### TASK ITEM
The answer is a stretch of the material below, returned exactly: the line containing "YEGUI C59,jewelry accessories,18k", the line containing "NEW 4PCS Car", and all lines between.

### EXERCISE MATERIAL
= Beginning of Section =

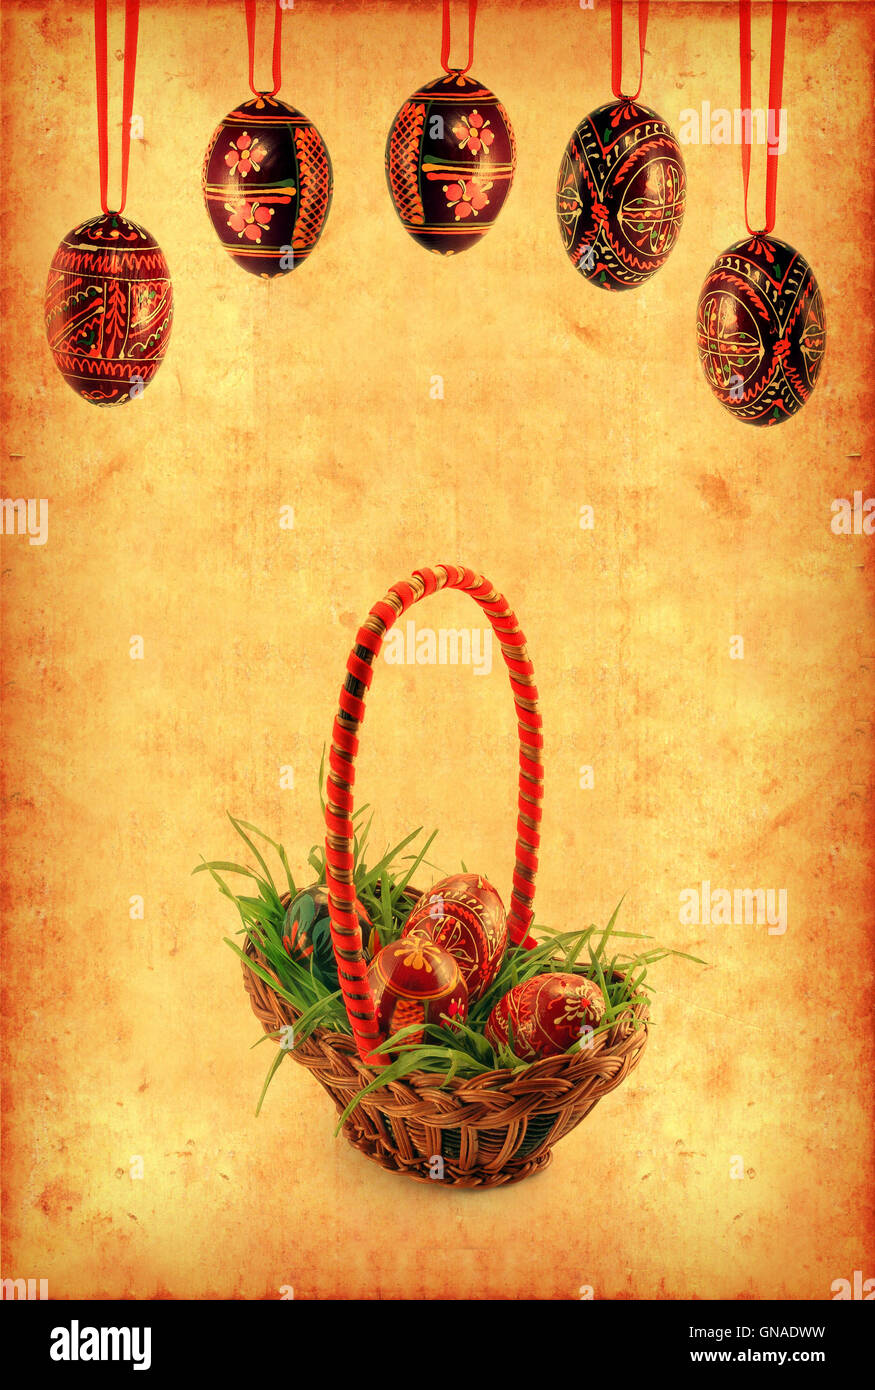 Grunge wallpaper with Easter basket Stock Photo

= End of Section =
= Beginning of Section =

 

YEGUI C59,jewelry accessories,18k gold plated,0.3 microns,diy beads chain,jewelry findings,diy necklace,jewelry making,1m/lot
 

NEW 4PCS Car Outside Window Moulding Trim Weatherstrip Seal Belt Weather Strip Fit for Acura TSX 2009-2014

= End of Section =
= Beginning of Section =

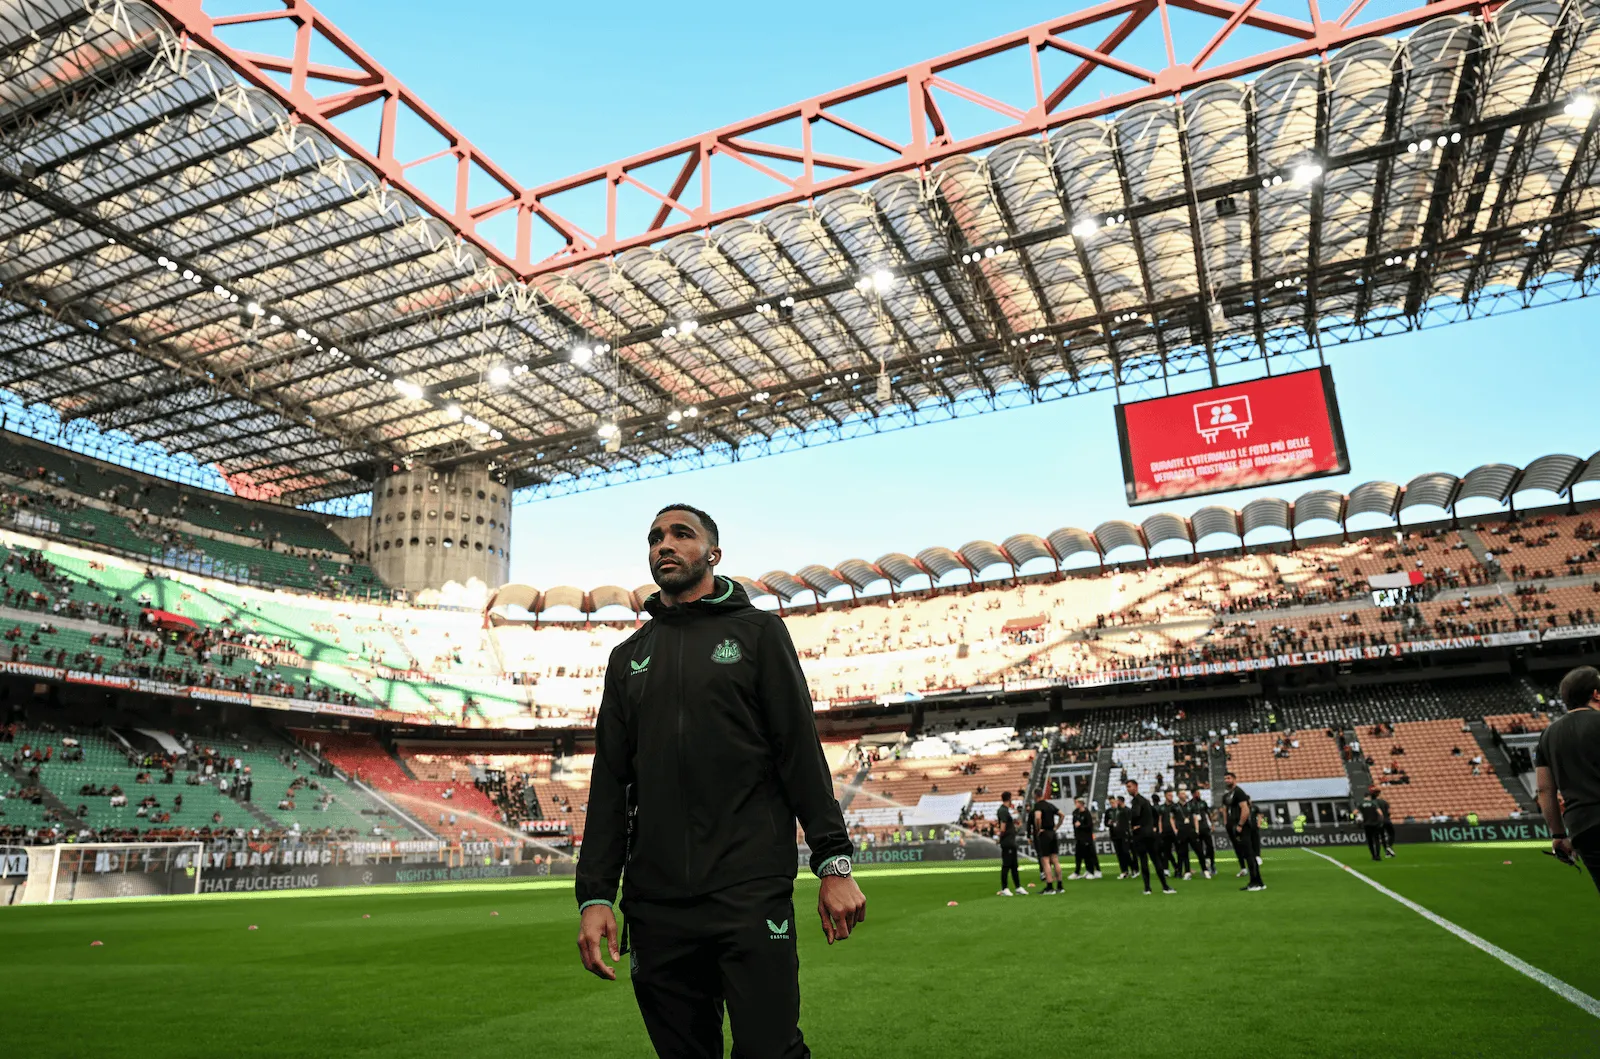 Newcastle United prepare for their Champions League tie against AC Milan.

= End of Section =

### EXERCISE RESPONSE
YEGUI C59,jewelry accessories,18k gold plated,0.3 microns,diy beads chain,jewelry findings,diy necklace,jewelry making,1m/lot
 

NEW 4PCS Car Outside Window Moulding Trim Weatherstrip Seal Belt Weather Strip Fit for Acura TSX 2009-2014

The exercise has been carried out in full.